Weltklimarat-Bericht : "Wetterextreme lassen sich global nicht mitteln"

Thomas Stocker hat am Extremwetter-Bericht des IPCC mitgewirkt. Im Interview erklärt er, warum der Zusammenhang zwischen Klima und Wetter so schwer zu beweisen ist.

ZEIT ONLINE: Herr Stocker, jahrelang haben bei schweren Stürmen oder Hochwassern immer alle gefragt: Ist das jetzt schon der Klimawandel ? Lässt sich diese Frage jetzt mit SREX beantworten?

Thomas Stocker: Das ist einer der Aspekte, die wir uns angeschaut haben. Aber nur für wenige Typen von extremen Wetterereignissen ist diese Zuordnung zum menschgemachten Klimawandel möglich, etwa bei extrem kalten und warmen Tagen im Verlauf eines Jahres. Für viele andere reicht die Datenlage und das Modellverständnis nicht aus.

ZEIT ONLINE: Die physikalischen Grundlagen gelten als der am besten verstandene Teil der Klimaforschung . Auf ihrer Basis traut man sich Trendrechnungen und Prognosen zu. Sind meteorologische Extreme nicht etwas völlig anderes, da sie außerhalb von Trend, Wahrscheinlichkeit und statistischem Mittel liegen?

Thomas Stocker

Der Umweltphysiker Thomas Stocker ist Kopräsident einer der drei Arbeitsgruppen des Weltklimarates (IPCC). Außerdem leitet Stocker die Abteilung für Klima- und Umweltphysik an der Universität Bern.
 

Stocker: Nur zum Teil! Es ist korrekt, dass die Extremereignisse wohl das schwierigste Themenfeld auf dem Gebiet der physikalischen Grundlagen sind. Aber wenn wir zum Beispiel ein Klimamodell mit hoher Auflösung laufen lassen, dann produziert auch dieses Modell Extremereignisse wie Hitzewellen oder tropische Zyklone. So etwas können wir simulieren und auch Statistiken aufstellen, aber es ist richtig, für die Klimaphysiker und die Meteorologen ist das eine große Herausforderung.

ZEIT ONLINE: Das Autorenteam hat aus mehr als 1.000 Forschungsarbeiten den aktuellen Stand der Wissenschaft zusammengefasst . Global gesehen mit dem Ergebnis: Es wird wohl in vielen Weltgegenden länger wärmer sein . Weil der Meeresspiegel steigt , werden die Sturmfluten höher. Möglicherweise werden auch die kalten Tage zunehmen.

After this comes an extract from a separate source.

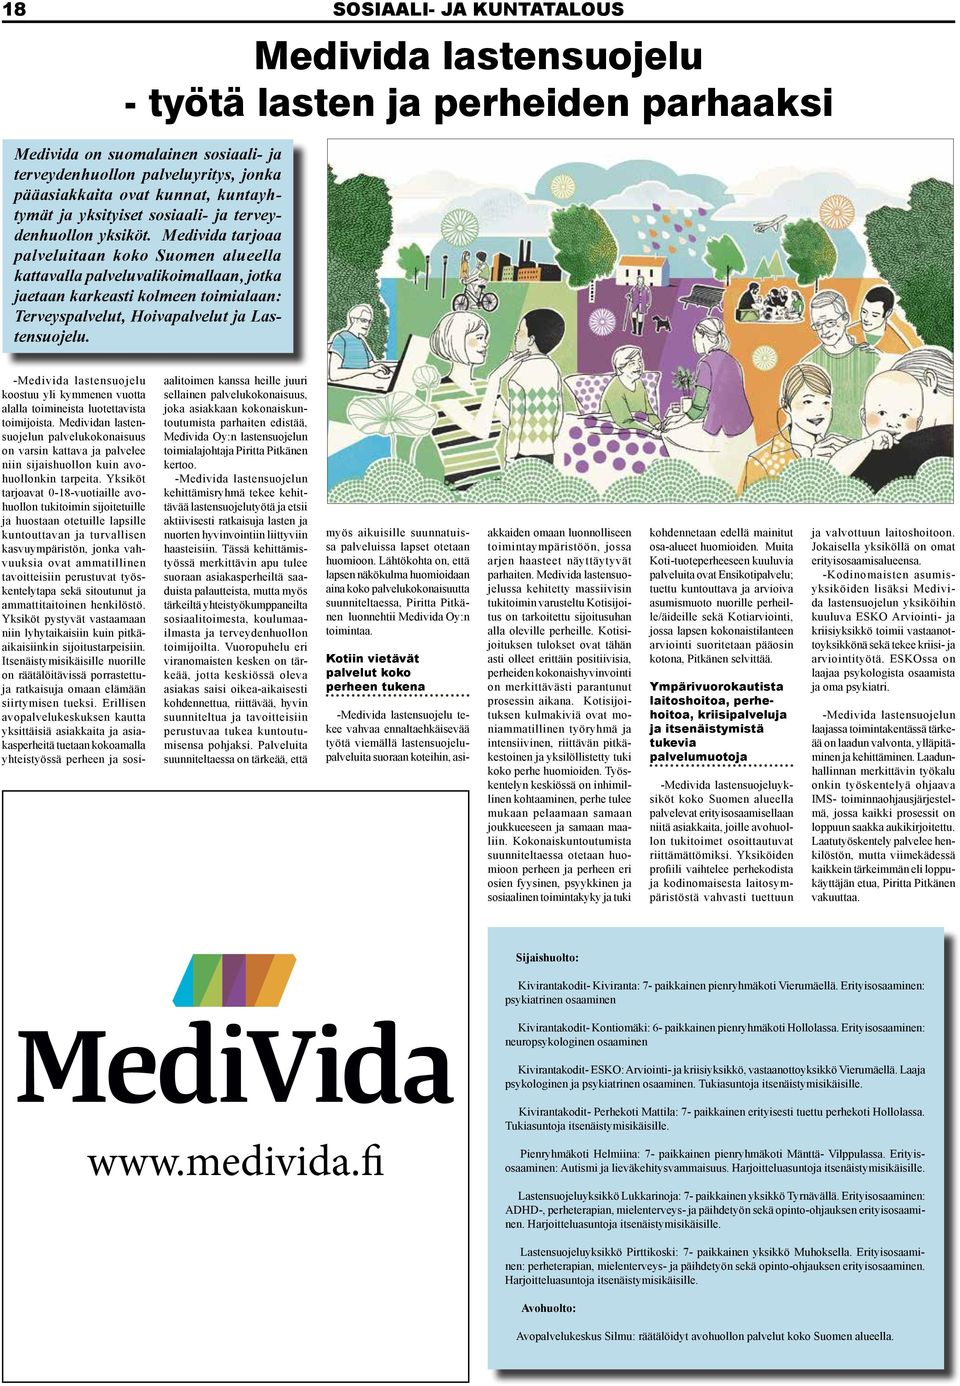 Medivida tarjoaa palveluitaan koko Suomen alueella kattavalla palveluvalikoimallaan, jotka jaetaan karkeasti kolmeen toimialaan: Terveyspalvelut, Hoivapalvelut ja Lastensuojelu.

Das klingt wenig überraschend…

Stocker: Bei Extremereignissen hilft eine Betrachtung im globalen Mittel nicht weiter. Sie treten regional und lokal auf, dem haben wir mit dem SREX -Bericht Rechnung getragen. Den mittleren Klimawandel, also die großen globalen Trends, haben wir uns ja im letzten Zustandsbericht von 2007 angeschaut. Jetzt ging es speziell um die Extreme und da ist die regionale Ausprägung von enormer Bedeutung.

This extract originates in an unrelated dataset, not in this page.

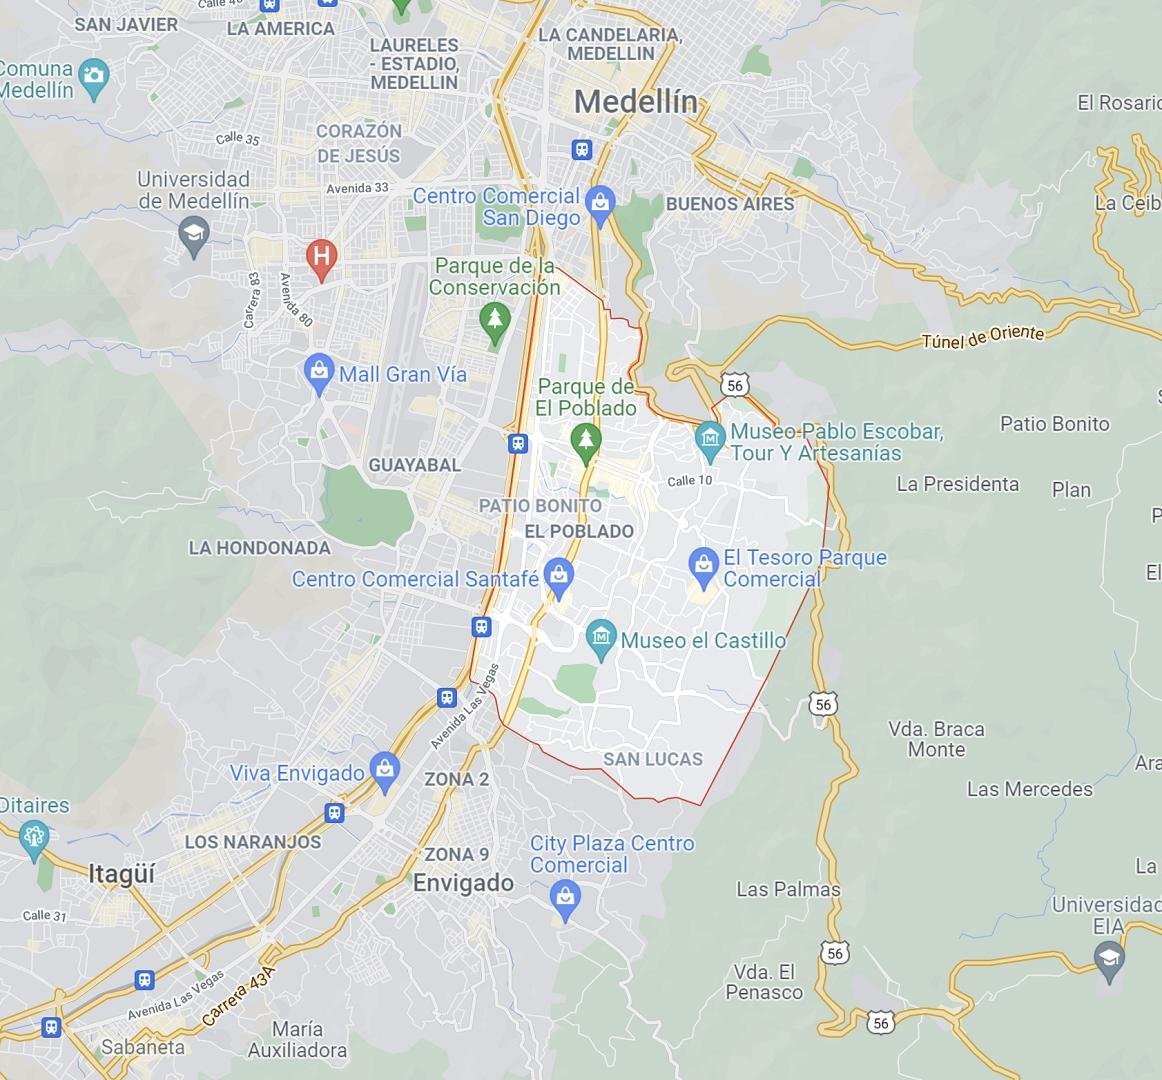 2021-10-12 05_13_50-El Poblado - Google Maps - Opera.jpg

ZEIT ONLINE: Viel Raum nehmen in Ihrem Bericht das Sichvorbereiten und das Sichanpassen auf künftige Extremwetter ein. Plötzlich werden da aus naturwissenschaftlichen Befunden soziale, ökonomische und politische Konsequenzen gezogen?

Stocker: Das ist zum ersten Mal ein IPCC-Bericht, in dem die verschiedenen wissenschaftlichen Gemeinschaften zusammengekommen sind. Das IPCC ist ja traditionell in drei Arbeitsgruppen organisiert. Diesmal haben wir uns zusammengerauft und aus ganz unterschiedlichen Perspektiven angeschaut: Wie wirken sich Extremereignisse auf Gesellschaften und Ökosysteme aus und was können wir darüber für die Zukunft sagen? Für mich ist das ein Pionierbericht. Und es war nicht immer ganz einfach. Ganz zu Beginn mussten wir uns erst mal auf ein gemeinsames Vokabular einigen. Jeder Leser kann das in der Zusammenfassung sehen, wo wir alle wichtigen Schlüsselbegriffe dieses Berichts definieren.

ZEIT ONLINE: Im Literaturverzeichnis sieht man ebenfalls, dass auch graue Literatur ausgewertet wurde, solche also, die ohne Begutachtung veröffentlicht worden ist. In der Vergangenheit sind über solche Quellen Fehler in IPCC-Berichte gelangt . Ist das ein Schwachpunkt?

Stocker: Natürlich muss man robuste Resultate auf wissenschaftliche Literatur stützen. Aber in manchen Themenbereichen – bei den Extremereignissen sind das vor allem regionale oder lokale Begebenheiten – kann man sich eben kaum auf geprüfte Veröffentlichungen stützen, sondern ist auf Informationen beispielsweise aus Berichten nationaler Behörden angewiesen. Diese Daten sind nicht a priori unzuverlässig. Aber die Autorenteams müssen sehr großen Wert darauf legen, alle Angaben anhand unabhängiger Quellen zu überprüfen. Wir sind noch einen Schritt weiter gegangen und machen der breiten Öffentlichkeit solche Quellen zugänglich, damit jeder Leser auch direkten Zugriff auf diese Dokumente hat.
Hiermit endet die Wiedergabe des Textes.